Обследовав Ганьского, доктора посоветовались и расписали его лечение на ближайшие три месяца.
– Жизнь закончилась! – печально констатировал Ганьский. – Но деваться некуда. Начинаем жить заново.
Начало новой жизни очень не нравилось Ганьскому, но, будучи человеком педантичным и ответственным, он строго следовал предписанной терапии. На научную деятельность времени катастрофически не хватало, поэтому ученый сосредоточился на одной теме – по контракту с одним из британских медицинских издательств дописывал монографию о биохимических аспектах эволюции гена. Когда оставался свободный час-другой, Аполлон Юрьевич занимался редактурой нового сборника стихов Залпа.

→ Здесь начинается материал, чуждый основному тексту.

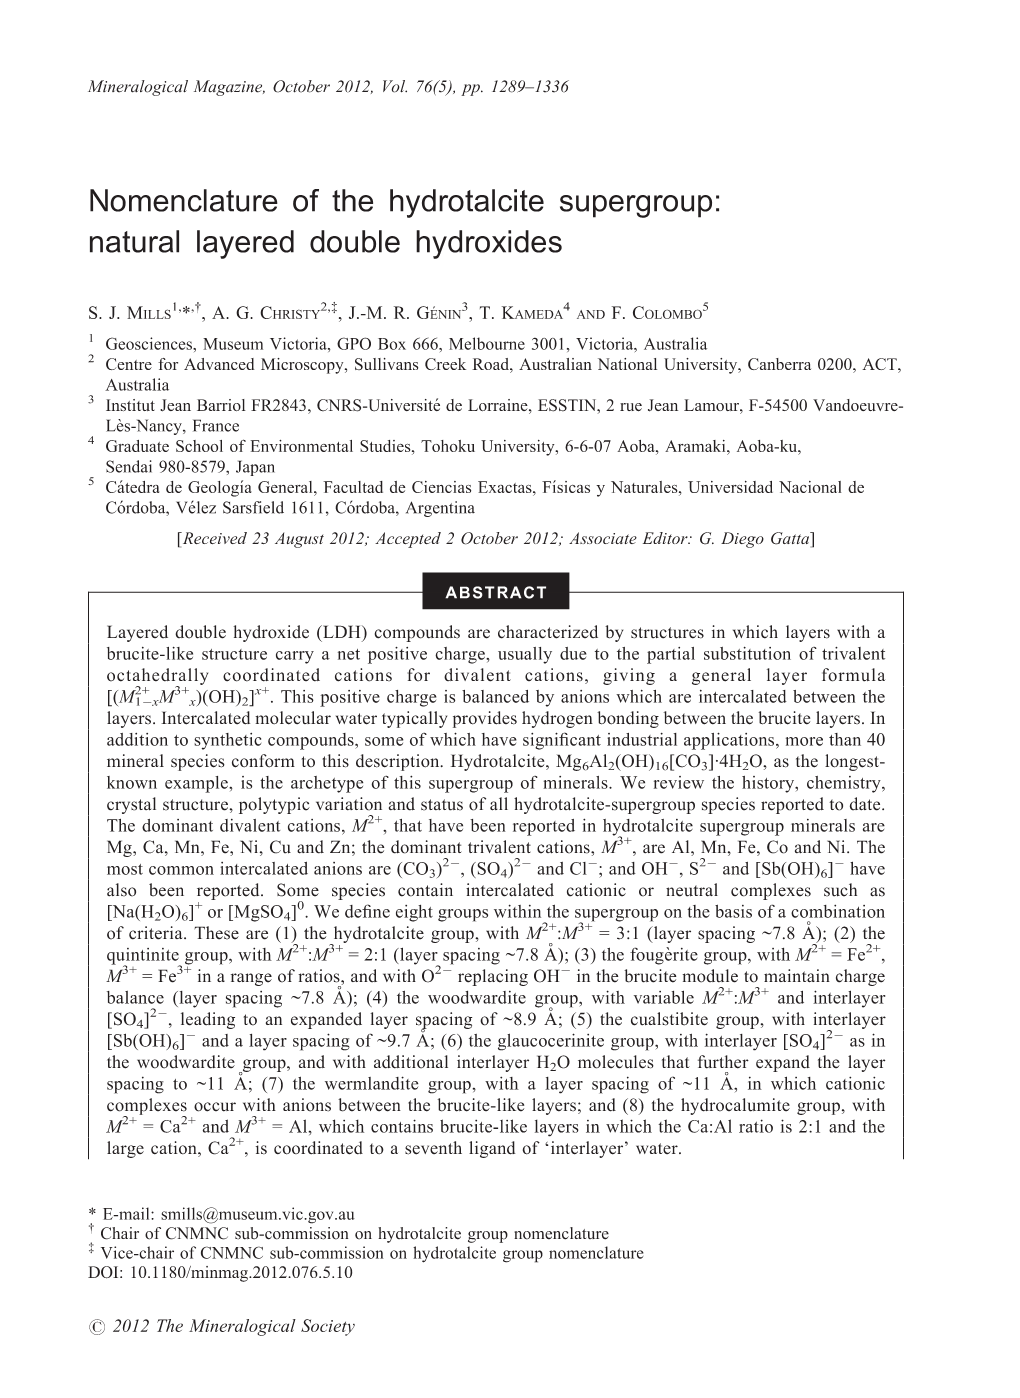 Nomenclature of the Hydrotalcite Supergroup: Natural Layered Double Hydroxides

Приближался день очередного визита Велика. Последнее время внутренние противоречия, касавшиеся судьбы пациента, усилились и мучительно давили на ученого. Он зашел в тупик в своих размышлениях: оба варианта действий ему виделись неприемлемыми. Третьего же дано не было. Ощущение безысходности все больше и больше овладевало Ганьским. Тревожные мысли не давали ему спокойно уснуть вечером и первыми являлись после пробуждения.
* * *
К семнадцати годам, как и должно быть, у Велика сформировались определенные взгляды, характер, привычки, манеры и вкусы. Причем вкусы будущий Вождь имел необычные, чем сильно и отличался от сверстников. Любимым напитком отрока был кумыс, случайно попробованный им четыре года назад, когда прибывшая с братским визитом делегация компартии Казахстана привезла в подарок Вараниеву флягу напитка, содержащего восемь процентов алкоголя. За кумыс Велик был согласен на что угодно. Именно за ежедневные пол-литра напитка он согласился углубленно изучать с Петром Никаноровичем Восторгайло теорию максизма-леминизма.
Ел подросток почти все, удивительнейшим образом сочетая несочетаемое: очень нравилась брынза с башкирским медом, раки с клубничным вареньем, сырокопченая колбаса со сметаной и апельсином. В борщ он обязательно кидал урюк и грецкие орехи.
В выборе одежды юноша отличался неприхотливостью, однако неизменно предпочитал одноцветные рубашки с длинным рукавом и фасон брюк революционных матросов семнадцатого года. Носки не любил и летом без них обходился. Ненавидел купаться, Вараниев со скандалами и уговорами заставлял его принимать ванну. В лучшем случае председателю удавалось сделать это раз в неделю. По неизвестным соображениям Велик носил трусы исключительно красного цвета, которые менял в банный день. Как-то Вараниев в сердцах поделился этими проблемами со Шнейдерманом.
– Красные трусы? Не купается? Радуйся, Виктор, растет настоящий Вождь! – то ли в шутку, то ли всерьез ответил второй человек в партии.
– Чему радоваться? – искренне не понял председатель.
– Какой дух коммунизма от него исходит! – последовал ответ Боба Ивановича.
Еще Велик терпеть не мог парфюм.
– От мужчины должно пахнуть по-мужски! – со значением повторял он каждый раз, когда Вараниев предлагал ему освежиться.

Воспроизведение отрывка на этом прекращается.